I looked at him. I felt utterly defeated. I had never been in the presence of pure evil before, and it was like that moment when you've been climbing a very steep hill and you realize that you simply don't have the strength to climb any farther. Your legs just won't work.
“What would your beloved momma think of you, Victor?” I asked him, in disgust. “What would your beloved momma think of you, if she could see you now?”
“My beloved momma was a fat stupid cow,” he replied. “If there's one thing she taught me, it was greed. Take what you want, and as much as you want, and never
ever
feel guilty about it.
“But I think my beloved poppa taught me an even better lesson than that. My beloved poppa taught me that if anybody ever does
you harm, you should never let them get away with it, ever. Never forgive nobody for nothing, that was my poppa's motto. And make sure you do a hundred times worse to them as they ever did to you. If they take something away from you, you make sure you take everything away from them.”
I took a deep breath. “If you hurt Margot, I will kill you. I don't care what happens to me. I don't care if they give me the death sentence. But I swear to God that I will kill you.”
Victor let out a sharp bark of laughter, and squeezed my shoulder again. “No, you won't, Gideon. It takes a very special sort of selfishness to kill people, and you just don't have it.”
* * *
What else could I do but take off my coat and my scarf and my gloves and pour myself a very large glass of wine? Victor had said that he would arrange for the property transfer as soon as possible, but it would still take several days, and he wasn't going to let Margot go free until I had signed it.
Several times during the evening I picked up the phone and thought about dialing 911. I knew that it was the right thing to do. But I kept thinking of Margot, broken and covered in blood or drowned or cremated, and I simply couldn't risk her getting hurt. I had seen what Jack Friendly had done to the Westerlunds and the Philipses and the Cesarettis. I was sure that he wouldn't have the slightest compunction about doing the same to Margot.
The nightmarish visions that I had seen in Stockholm and London and Venice had been frightening enough, but at least they had seemed detached from reality, and Kate had been there to reassure me that they had some kind of a purpose. This was real, and I had nobody that I could turn to for help.
* * *
I refilled my glass and switched on my laptop.
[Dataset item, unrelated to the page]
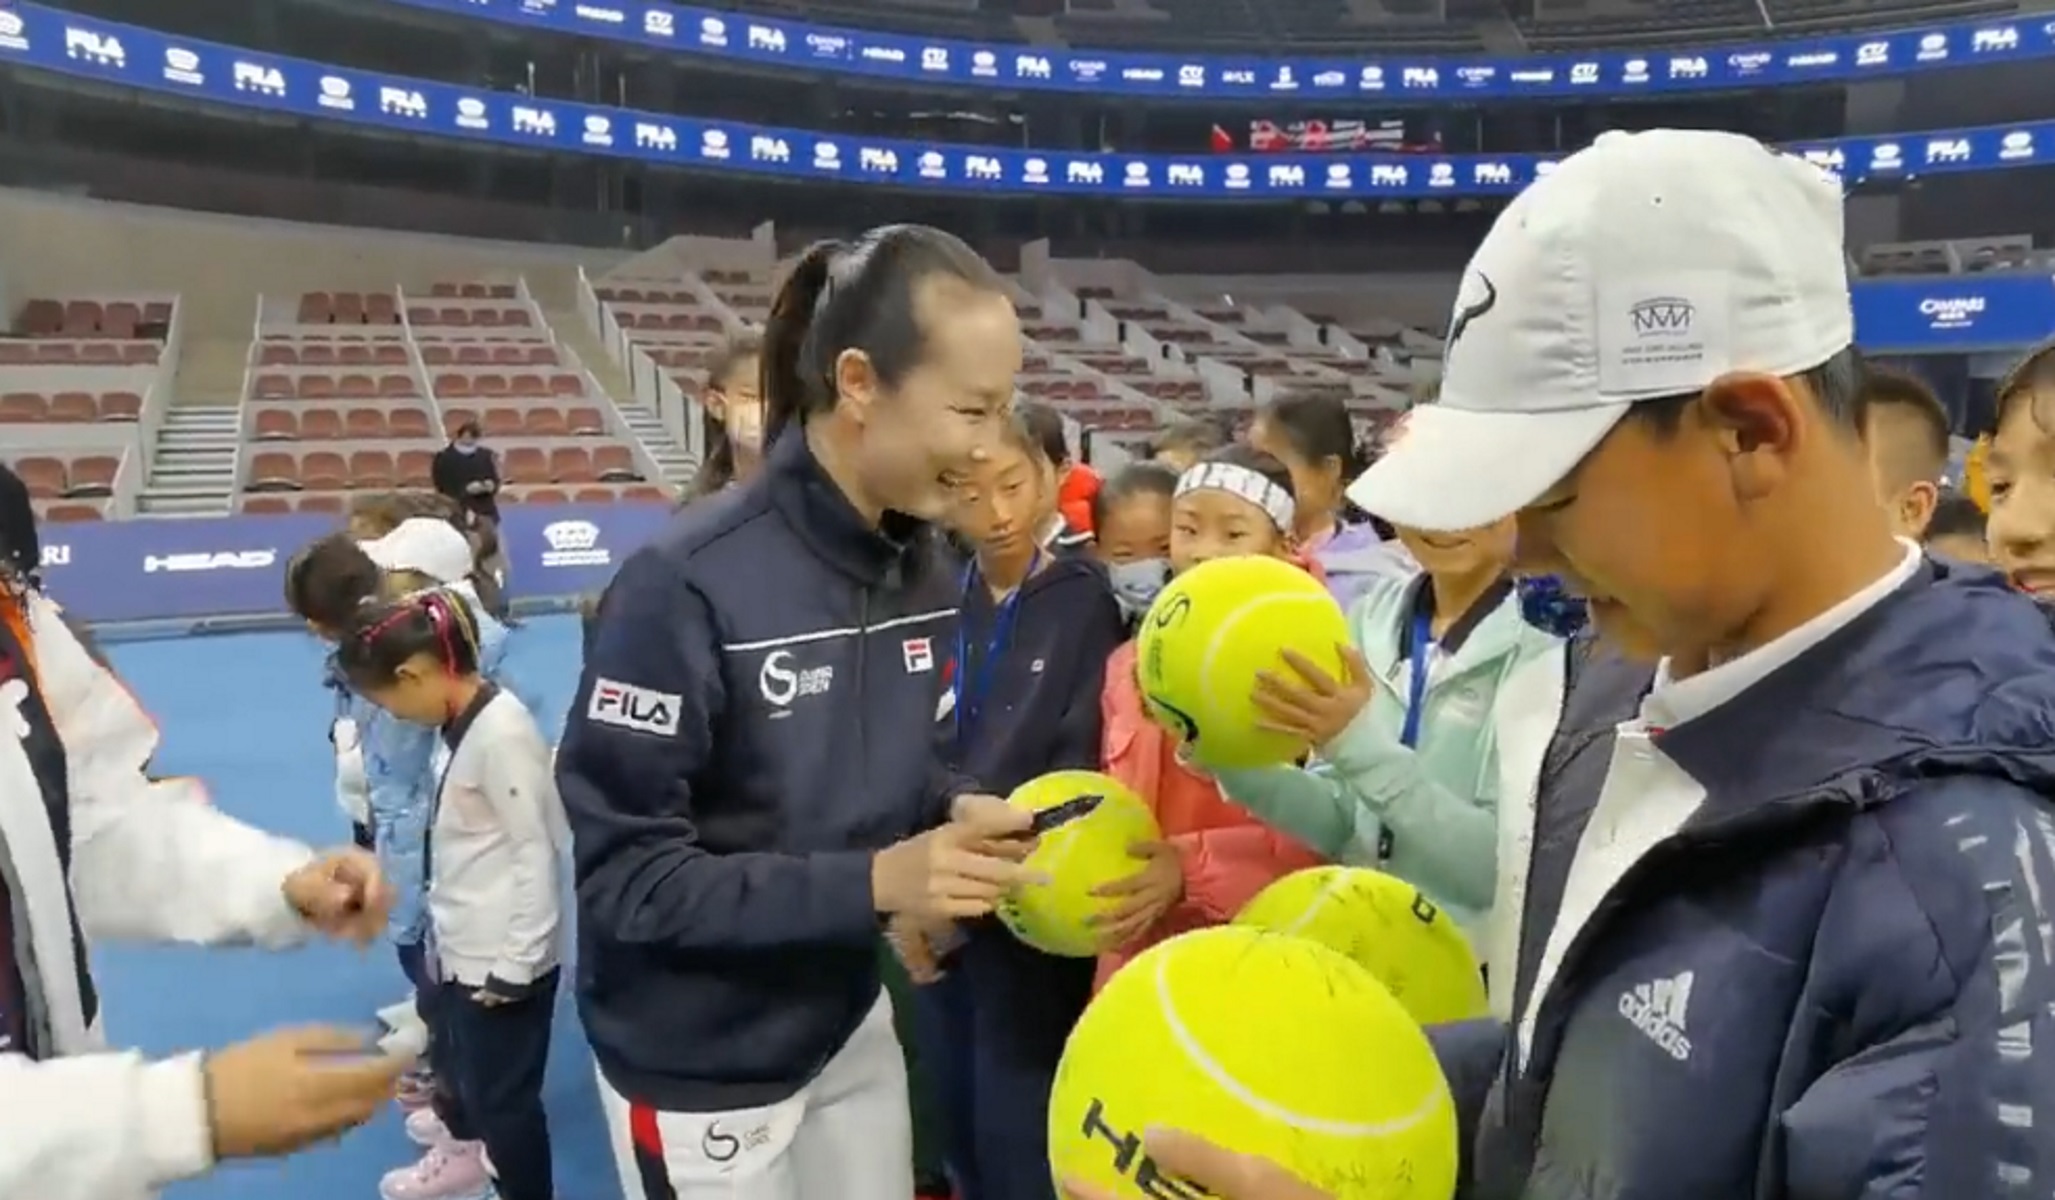 Πενγκ Σουάι: Η επανεμφάνιση της Κινέζας τενίστριας μετά την παγκόσμια ανησυχία – Αμφισβητεί τα video η WTA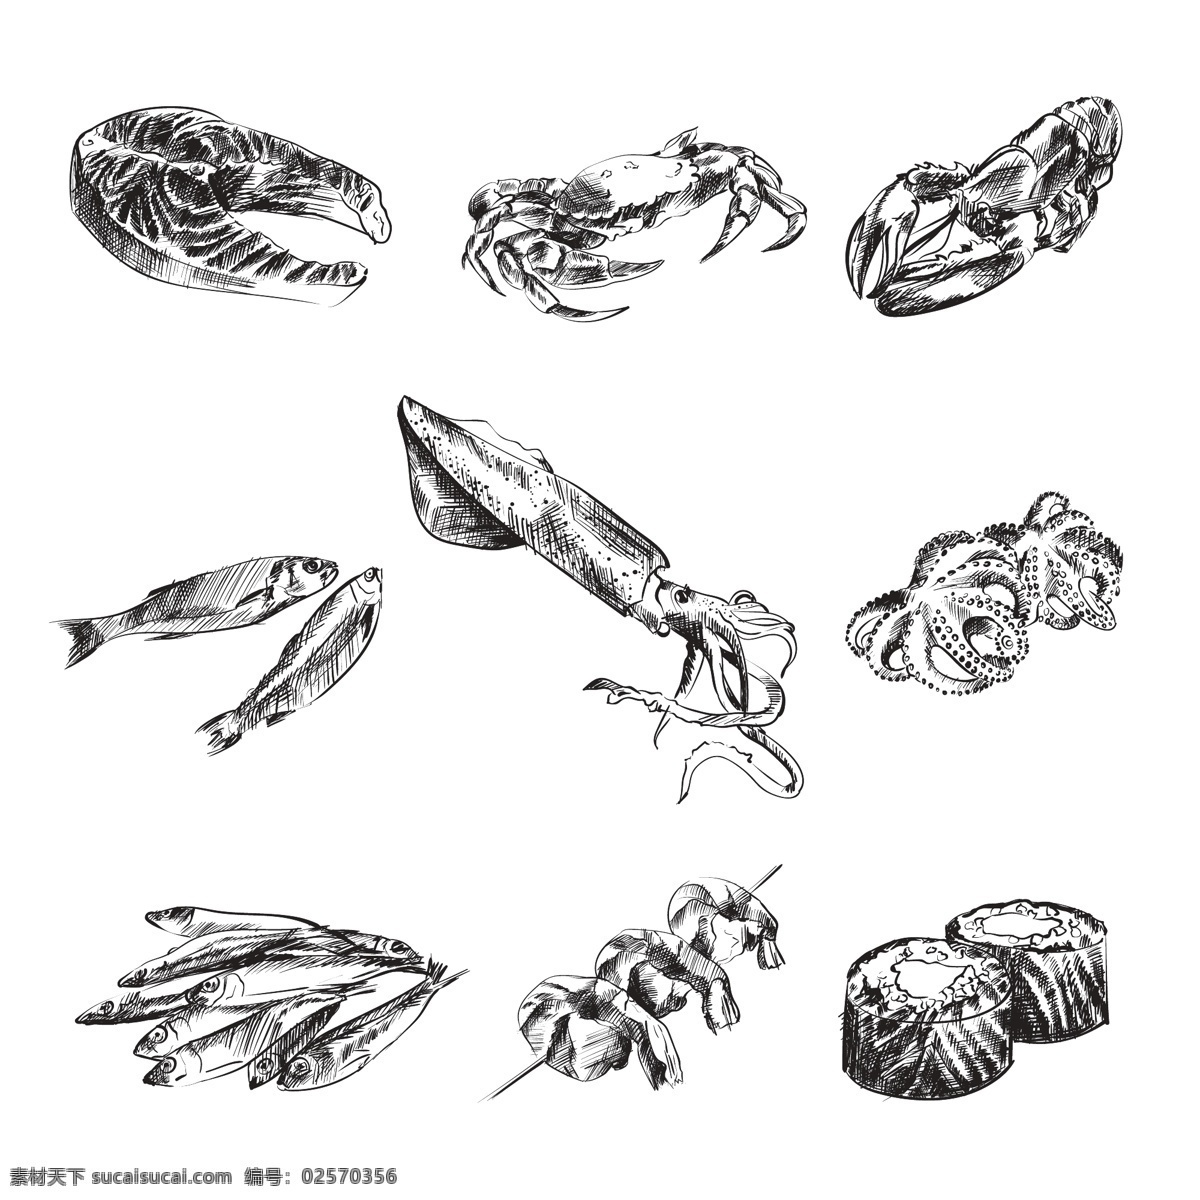 黑白 手绘 海鲜 食 材 插画 元素 三文鱼 螃蟹 龙虾 鱿鱼 章鱼 寿司

For at least the twentieth time, I Googled the Westerlunds and the Philipses and the Cesarettis, searching through their backgrounds for any fragment of information that might connect them with Victor Solway or Penumbra Property.
I came across a BBC website story about the disappearance of the Philips family, and how their relatives had made a brokenhearted appeal for anybody who had seen them to get in touch. But the Westerlunds and the Cesarettis had disappeared so completely that it was just like they had evaporated, like patterns of steam on a window.
For the first time, I looked for the families on Google Image, too, to see if there were any photographs of them. I found six or seven pictures of Axel Westerlund on a tour of hospitals in Angola; and a blurry black-and-white image of David Philips to accompany some
Financial Times
article about international investment. But I almost missed the most important photograph.
It was a group picture of thirty-five delegates at a conference in Geneva in June 1997, hosted by Worldwide Surgical Solutions, Inc. I enlarged it, and there was David Philips standing on the right-hand side of the picture, looking younger and trimmer and smiling broadly. But right next to him, in a smart gray suit, was Enrico Cesaretti; and on the other side of the same groupâwearing a neatly trimmed beard but still instantly recognizableâwas Axel Westerlund. I peered at the picture even more closely, and then I printed it out. This was no coincidence, it couldn't be. These three men knew each other.